Robert C. Ford
University of Central Florida
"In 1970, as a fairly new member of the doctoral program at Arizona State University, I was advised to join the Academy of Management by my faculty. They convinced me that it was important to become an active participant in our profession in order to network with those who were doing what I was doing, to share ideas with the many different smart people that I would find in the membership, and to help sustain the profession that benefited us all
Sustaining the profession was important to me, as was the idea of having a personal social obligation to my profession and society at large. Moreover, AOM was the only national organization at that time that allowed me an opportunity to meet and share ideas with the people who were defining the field at its Annual Meeting. In that regard, the Annual Meeting was every bit as exciting then as it is today. While the one journal we then received (AMJ) was useful for idea sharing, it was the opportunity to meet people at the Annual Meetings that was the attraction for a doctoral student in the desert. By the time I neared the end of my doctoral work and needed a job, the annual meeting was also the place to find one.
After I took my first job at a smaller school, I discovered that Annual Meetings were where I could talk with others who were as excited about management as I was (and still am), find colleagues to share ideas with, and even find co-authors. I began a life long tradition of attending annual meetings and, in my career, I've missed only three. The best part for me is that every time I went I met new people and came home full of new and exciting ideas. These meeting are also where I developed friendships while working with colleagues on a variety of jobs for which I was always welcomed.
Over my career as a participant in divisional offices and committees, a presenter of papers, a discussant and session chair my annual pilgrimage to the Annual Meeting enabled me to build friendships and working relationships with hundreds of interesting people. Where else could I go and have a discussion with Lyman Porter, Rick Mowday, Ed Locke, Fred Luthans, or the many other scholars who were writing about the ideas that excited and intrigued me? Where else could I go and hear about the latest developments in topics that I was discussing in my classes? I met and become colleagues with some truly great people. I looked forward to seeing them annually and catching up on their careers, their families, their joys and their sorrows. It is hard to imagine how poor my life would have been without the richness of these people and the opportunities I had to share their ideas and their lives.
My current focus is establishing a formal Community of Senior Scholars (CASS) group within AOM. I selfishly want to encourage these folks to keep returning to the Annual Meetings so I can renew these friendships, continue these stimulating conversations, and revisit the fun we had working together. I truly believe this will provide a mechanism for those of us who have felt truly blessed by the benefits of our careers to give back and pay some of our civic rent.
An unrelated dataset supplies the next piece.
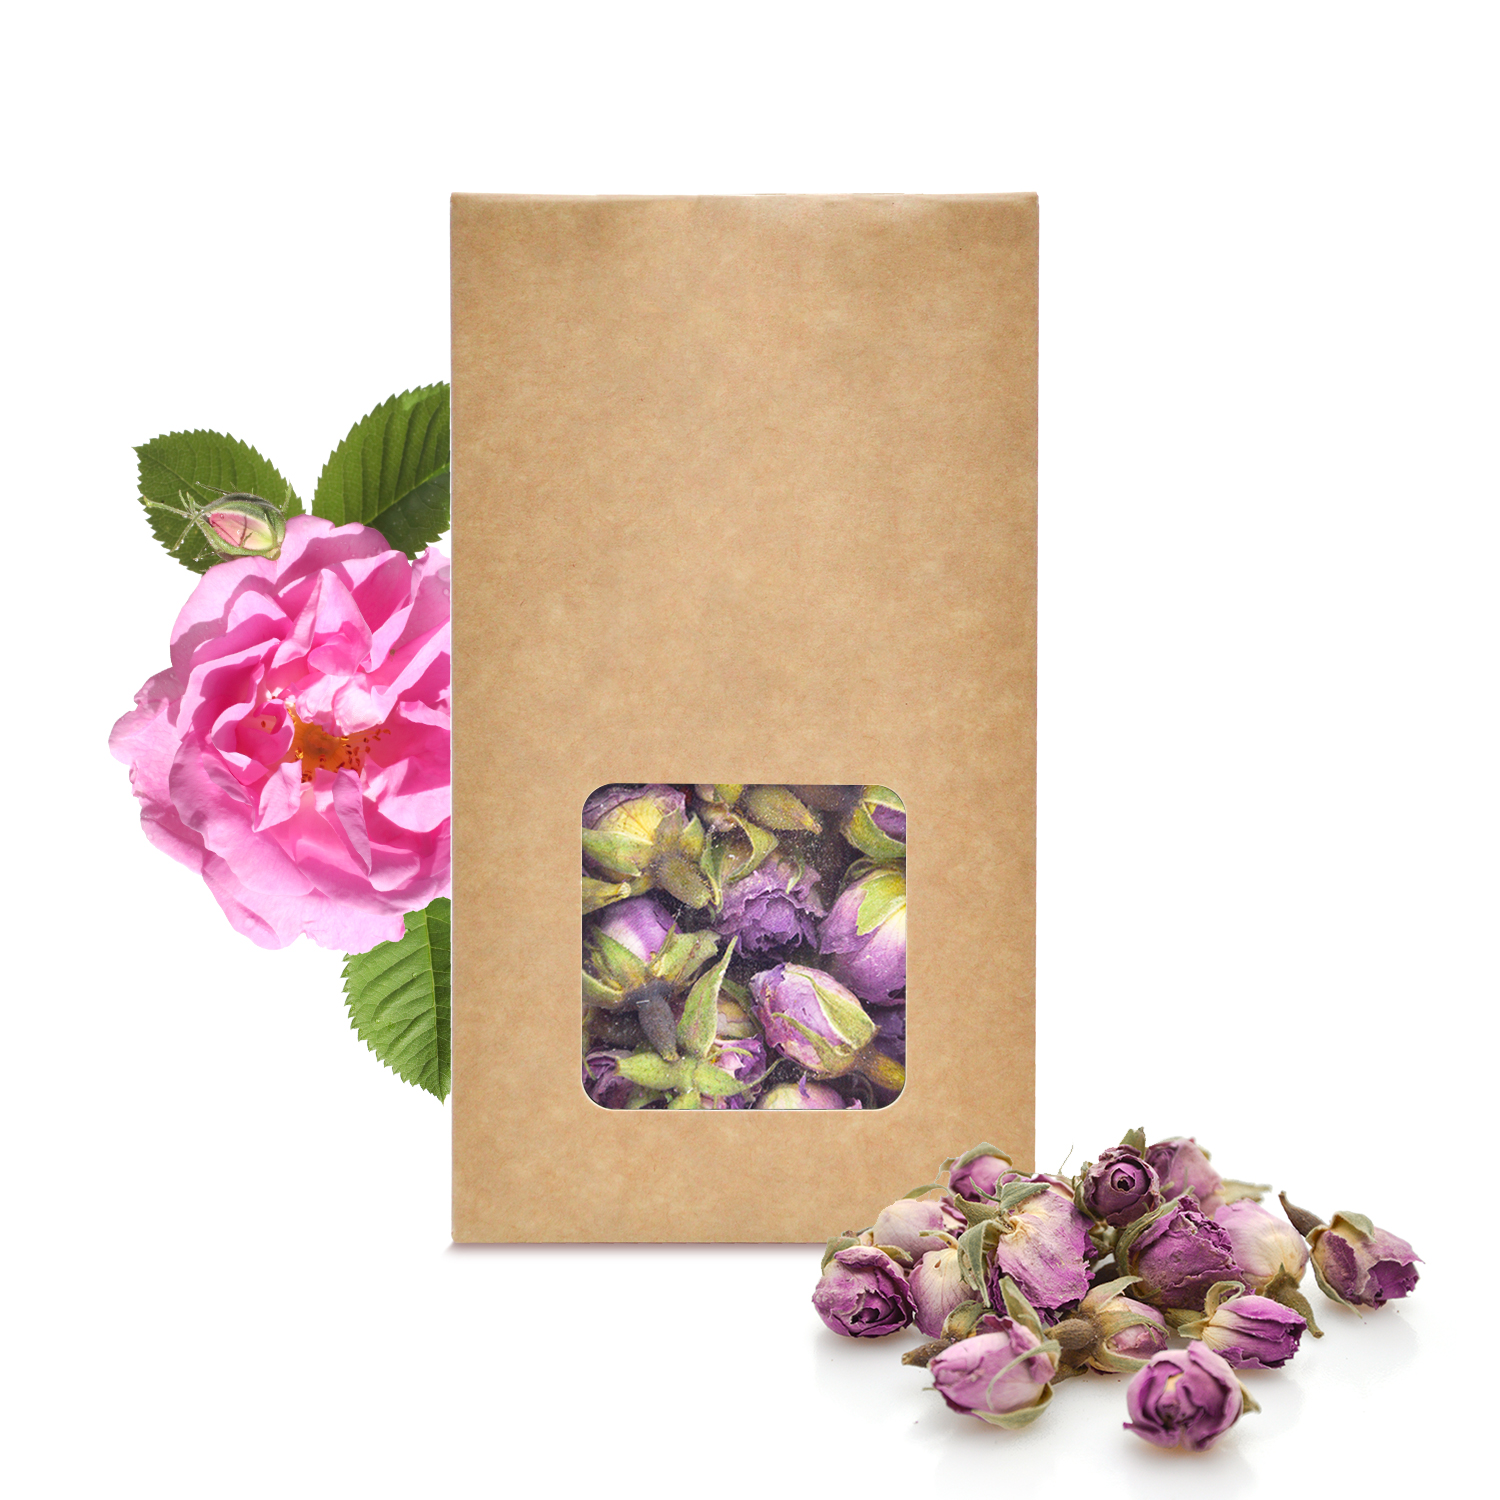 Fleur d'hibiscus séchée pour infusion et tisane : découvrez ses bienfaits

Thus, I see AOM and its Annual Meeting as a home for not only the newly entering professionals who seek guidance and opportunity to grow, but also for those senior scholars who have benefited from the guidance and opportunities they had across their careers and are ready, willing and able to 'pay it forward'."
Robert C. Ford is professor emeritus of management at the University of Central Florida where his focus has been on managing service organizations. Besides his administrative responsibilities as department chair and associate dean for graduate studies, Bob has been an active contributor to the knowledge base of management. He has authored or coauthored many publications in both top research and practitioner journals and several books including The Fun Minute Manager, AchievingService Excellence: Strategies for Healthcare, Managing Quality Service in Hospitality, and HR at Your Service. He has served the Academy of Management as editor of The Academy of Management Executive, Chair of both the Management History and Management Education and Development Divisions, Chair of Placement, Chair of the Ethics Adjudication Committee, and co-founder of the Community of Academy Senior Scholars. He has also been active in the Southern Management Association (SMA) which he served as president. He was awarded SMA's Distinguished Service Award and voted as a SMA Fellow. He is a founding member and past Chair of the Accreditation Commission for Programs in Hospitality Administration, and was a member of the Destination Marketing Accreditation Commission.